Alice in Wonderland: Field Notes from Feldenkrais Training

Feldenkrais Training: Demonstration Of Awareness Through Movement from Frank Wildman on Vimeo.

Greetings from Eugene where I’m wrapping up week three of the third segment of a four year Feldenkrais Method training I began last September.

What is Feldenkrais? It’s quite simple…and complicated. The official description from the Feldenkrais Guild of North America’s website reads:

“The Feldenkrais Method is named after its originator, Dr. Moshe Feldenkrais, D.Sc. (1904-1984) [about], a Russian born physicist, judo expert, mechanical engineer and educator.

The Feldenkrais Method is a form of somatic education that uses gentle movement and directed attention to improve movement and enhance human functioning. Through this Method, you can increase your ease and range of motion, improve your flexibility and coordination, and rediscover your innate capacity for graceful, efficient movement. These improvements will often generalize to enhance functioning in other aspects of your life.

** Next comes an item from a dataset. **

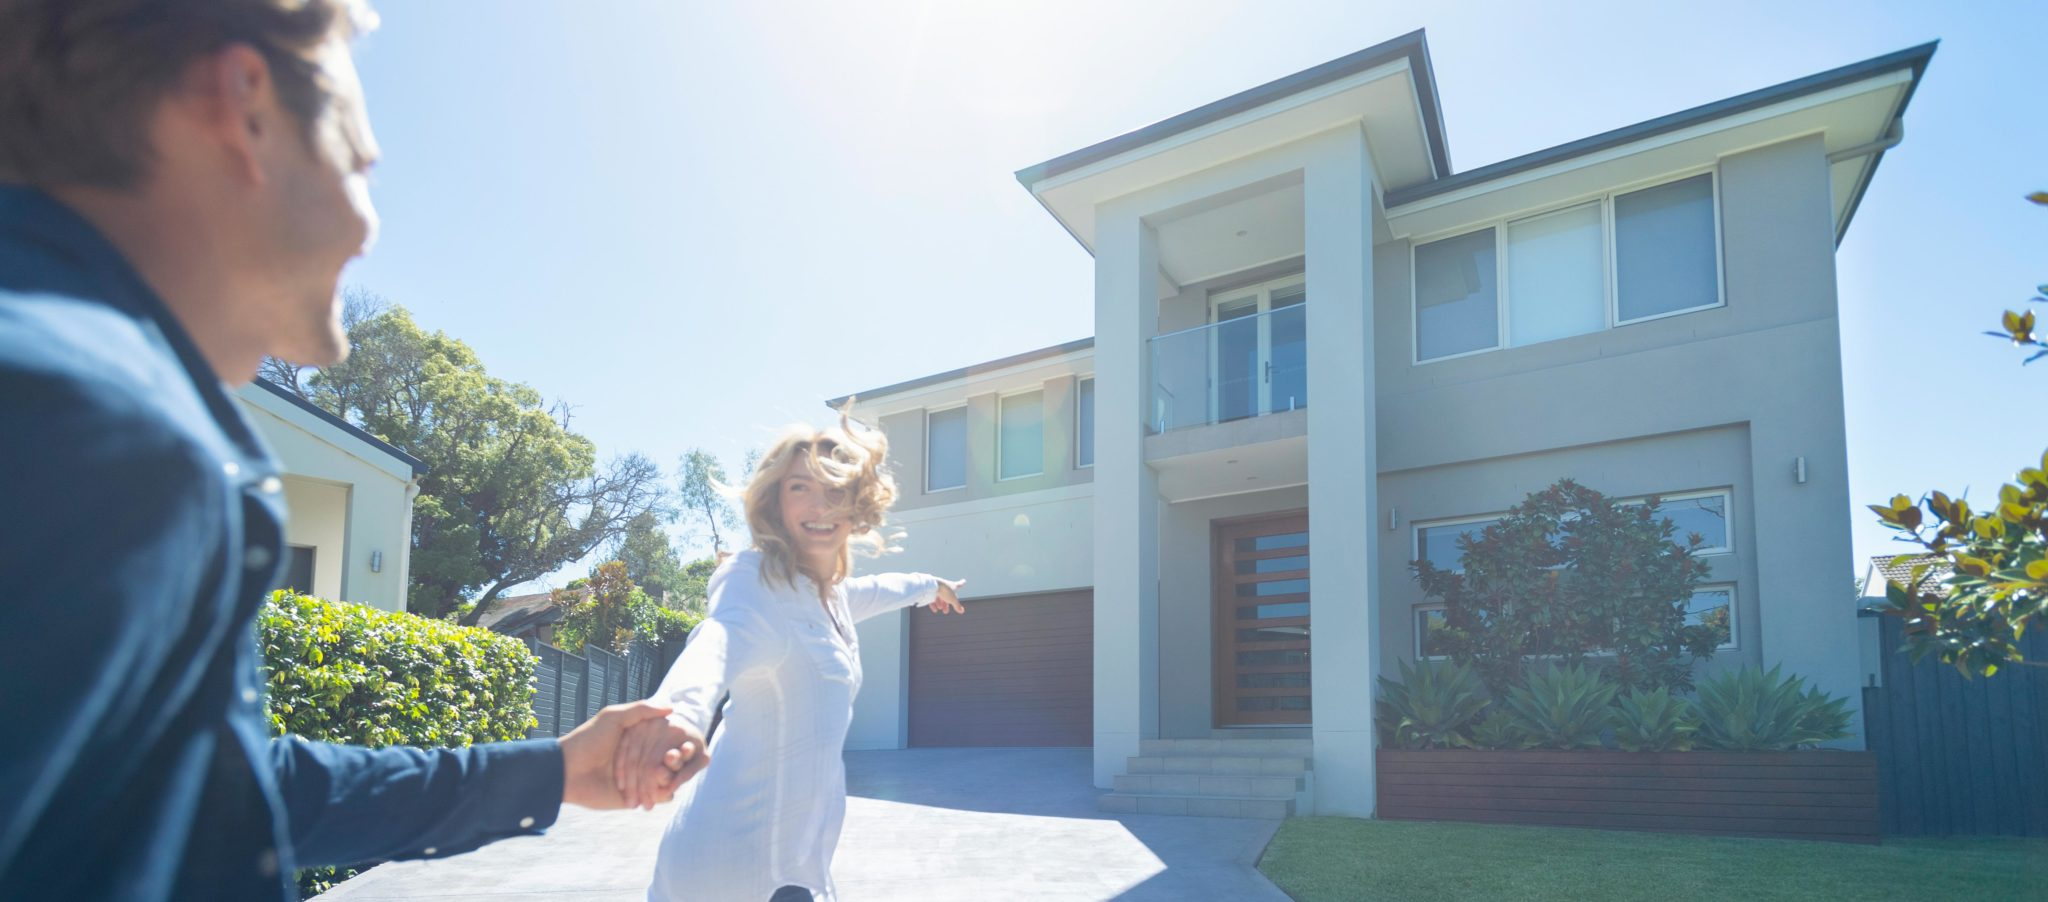 Glücklicher Einzug in die neue Immobilie

The Feldenkrais Method is based on principles of physics, biomechanics and an empirical understanding of learning and human development. By expanding the self-image through movement sequences that bring attention to the parts of the self that are out of awareness, the Method enables you to include more of yourself in your functioning movements. Students become more aware of their habitual neuromuscular patterns and rigidities and expand options for new ways of moving. By increasing sensitivity the Feldenkrais Method assists you to live your life more fully, efficiently and comfortably.

The improvement of physical functioning is not necessarily an end in itself. Such improvement is based on developing a broader functional awareness which is often a gateway to more generalized enhancement of physical functioning in the context of your environment and life.”

While, as always, the more I learn the more I realize I have to learn, the dots have connected in some very profound and gratifying ways in these last few weeks. I’m learning new ways to experience and understand movement, patterns of behavior, and how we impact one another in our interconnectedness.

On that last topic, while here in Eugene I saw an important, inspiring and uplifting documentary entitled “I Am” by Tom Shadyac. Shadyac — the very successful director of hit Hollywood comedies such as “Ace Ventura: Pet Detective” and “Liar, Liar” — sets out with a small film crew to find out what’s wrong with the world and what we can do about it. He ends up — in his words — “finding out what’s right.” Interviewing a wide range of important scientists, historians, psychologists and activists such as Archbishop Desmond Tutu and Howard Zinn, what Shadyac comes to discover is that science is beginning to catch up with spirituality in confirming that we really are all connected, and that what we do and how we do it has a profound impact on our communities and our world. See for more information. I hope you’ll have the chance to see it.

I’m always happy to talk about my experiences with Feldenkrais, and — if you’re interested in trying it out for yourself — Kim Cottrell offers weekly classes at Edge Fitness in North Portland. Also, stay tuned for more information about the next round of Feldenkrais workshops with Kim coming to Yoga Pearl in the fall.

I look forward to seeing you soon at Yoga Pearl!


  1. Beautiful. I just played with the movement and it feels incredible! When’s the workshop?